How could clinical implementation of the platform help improve patient outcomes?

There are currently no reliable diagnostics available for PAISs. By utilizing infection-derived peptide pools to activate memory T cells and then measuring the cytokine profiles related to specific infections, ViraxImmune™ PAIS is designed to give a measure of T cell function and to address the diagnostic needs of multiple post-acute infection syndromes and help simplify the patient journey.

ViraxImmune™ aims to provide information to clinicians about an individual’s T cell dysfunction, linked to their symptoms of PAIS, and reduce time to diagnosis for PAIS patients and improve early treatment management. This approach is expected to offer significant diagnostic potential for evaluating and monitoring immune status in chronic conditions.

Is there anything else on the horizon that you’d like to share?

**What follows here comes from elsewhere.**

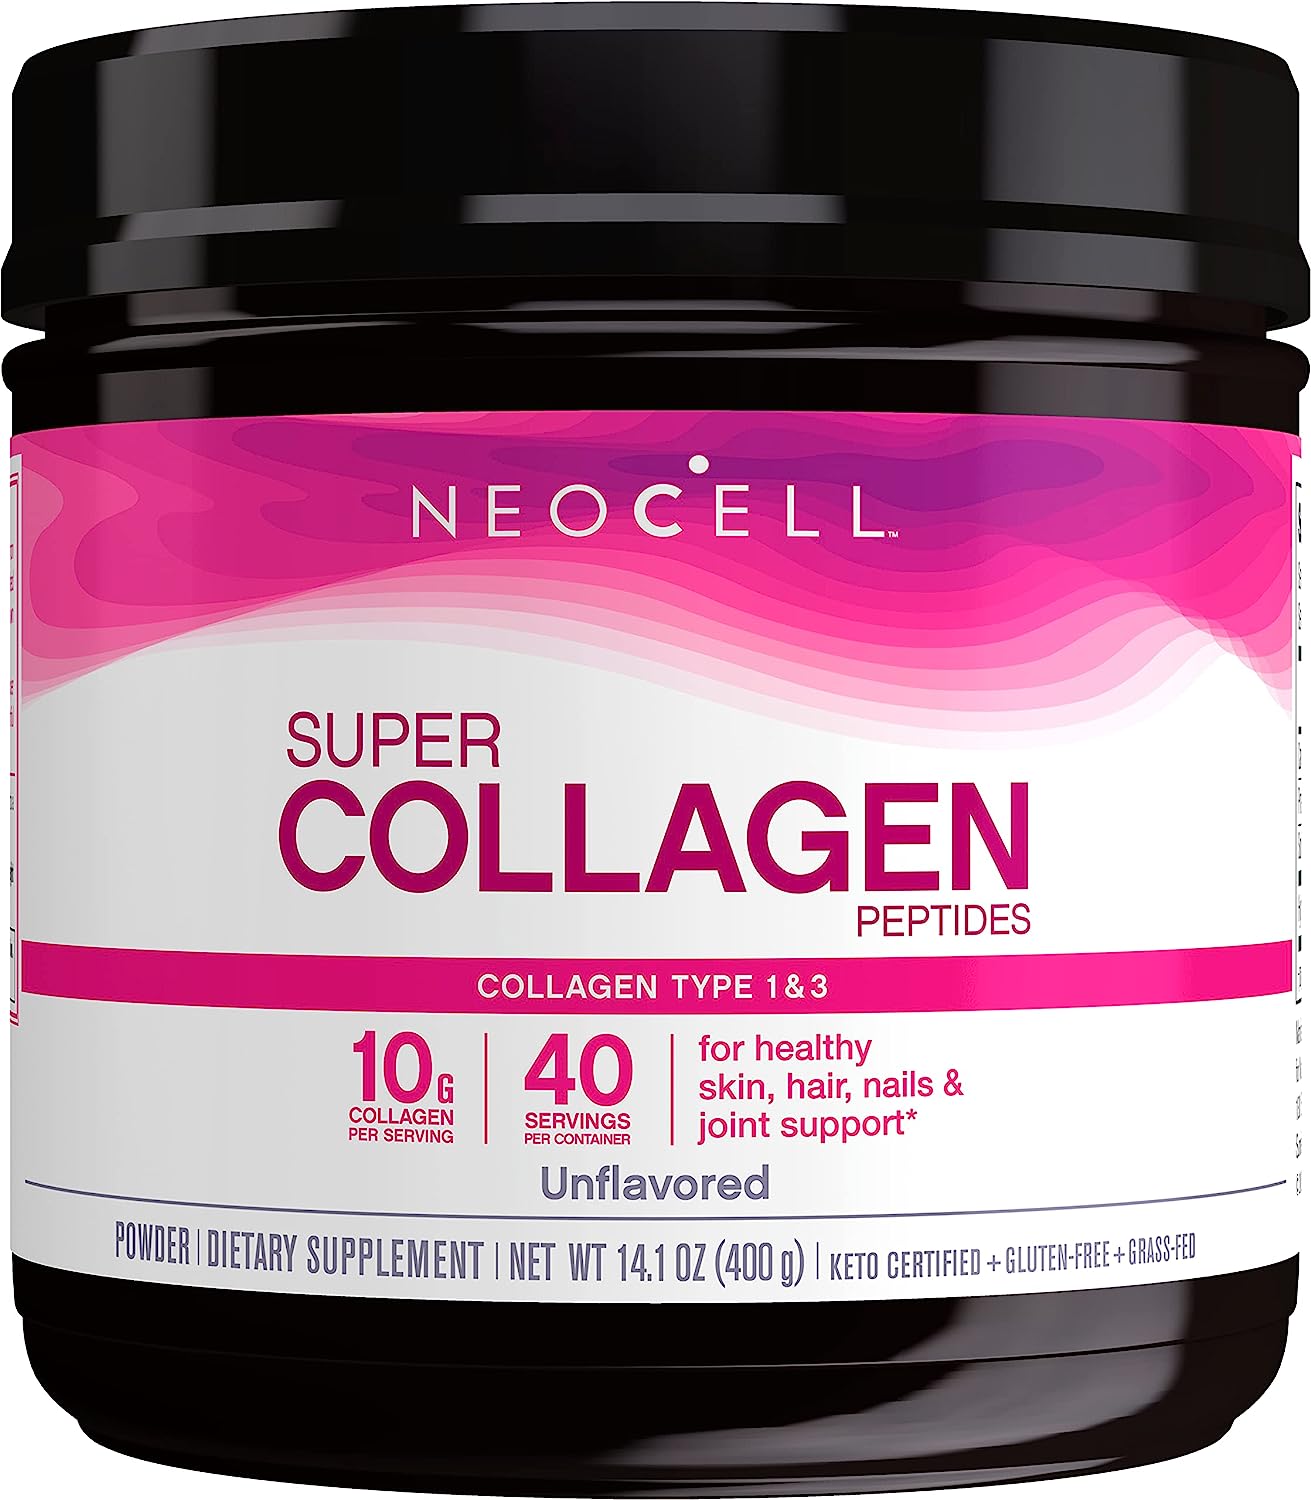 NeoCell Super Collagen Powder, 10g Collagen Peptides per Serving, Gluten Free, Keto Friendly, Non-GMO, Grass Fed, Paleo Friendly, Healthy Hair, Skin, Nails & Joints, Unavored, 1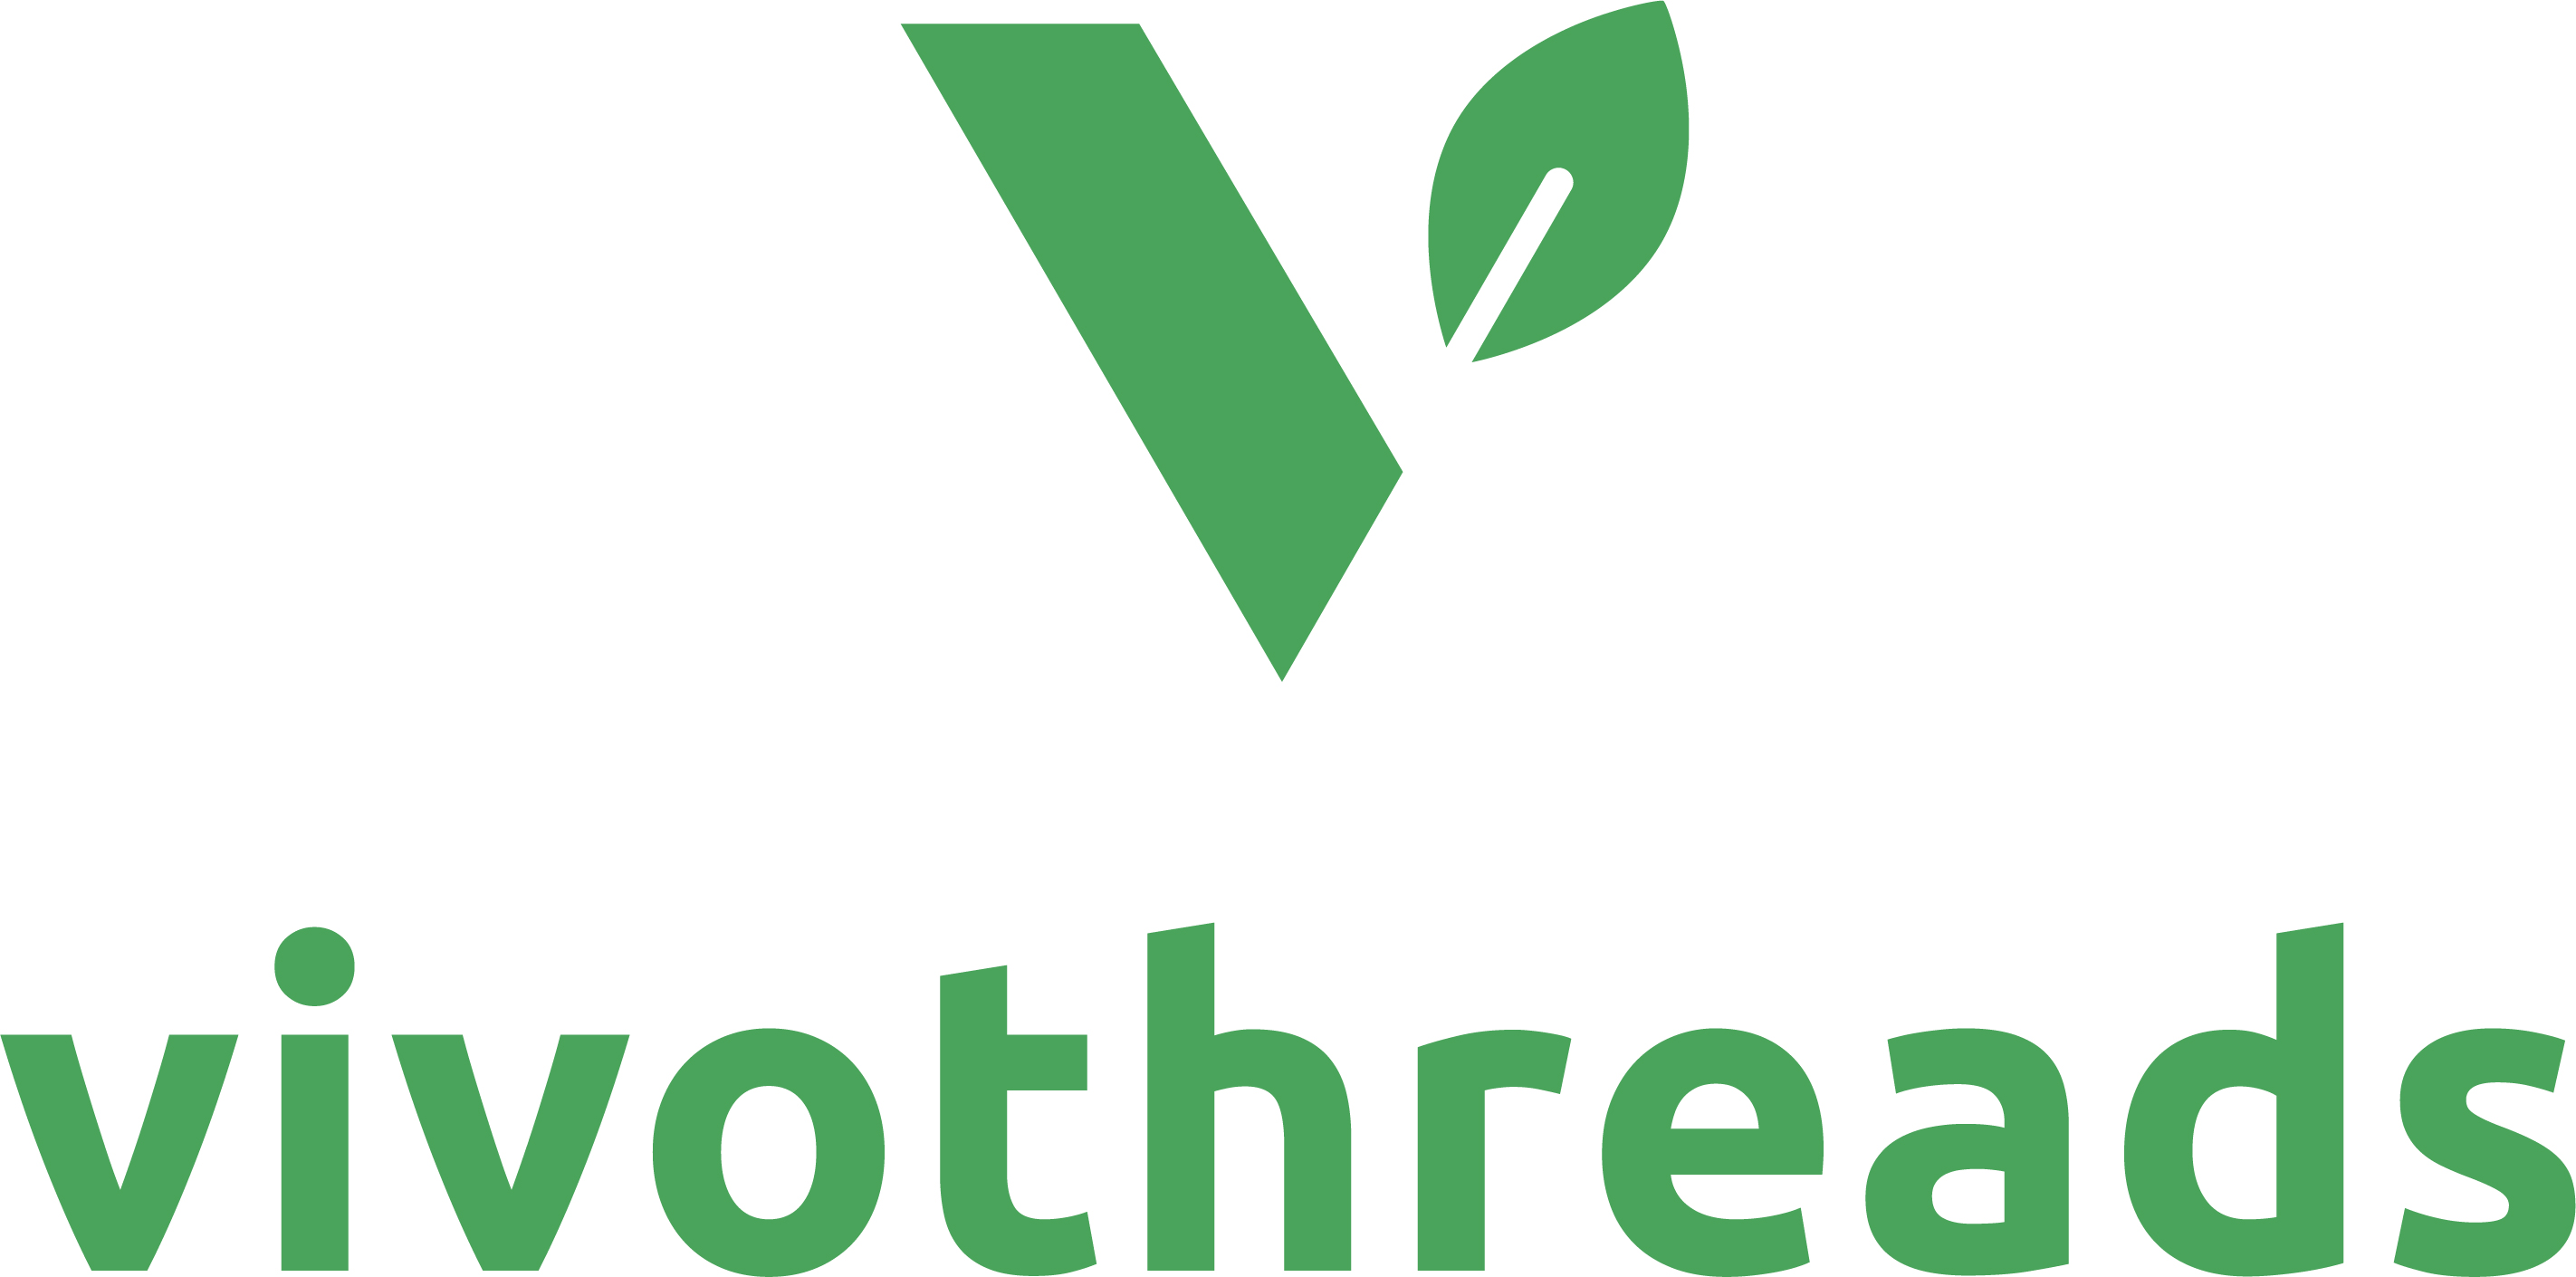 Vivothreads logo

Virax Biolabs is looking to bring to the market a comprehensive set of T cell diagnostics and immune profiling solutions utilizing its novel ViraxImmune™ platform. We have talked about the utility in PAIS; however, we also have a focus on developing solutions in the area of protective immunity, in particular in post-transplant infection and vaccine efficacy.

Having worked for many years in developing drugs in oncology, we believe there is a real potential opportunity in the area of CAR T cell therapy. Because CAR T cell therapy is moving towards a more allogenic “off the shelf” production, we believe there is an opportunity to better identify individuals who may benefit from it as well as provide additional information on how to optimize dosing for better efficacy and less risk of cytokine release syndrome.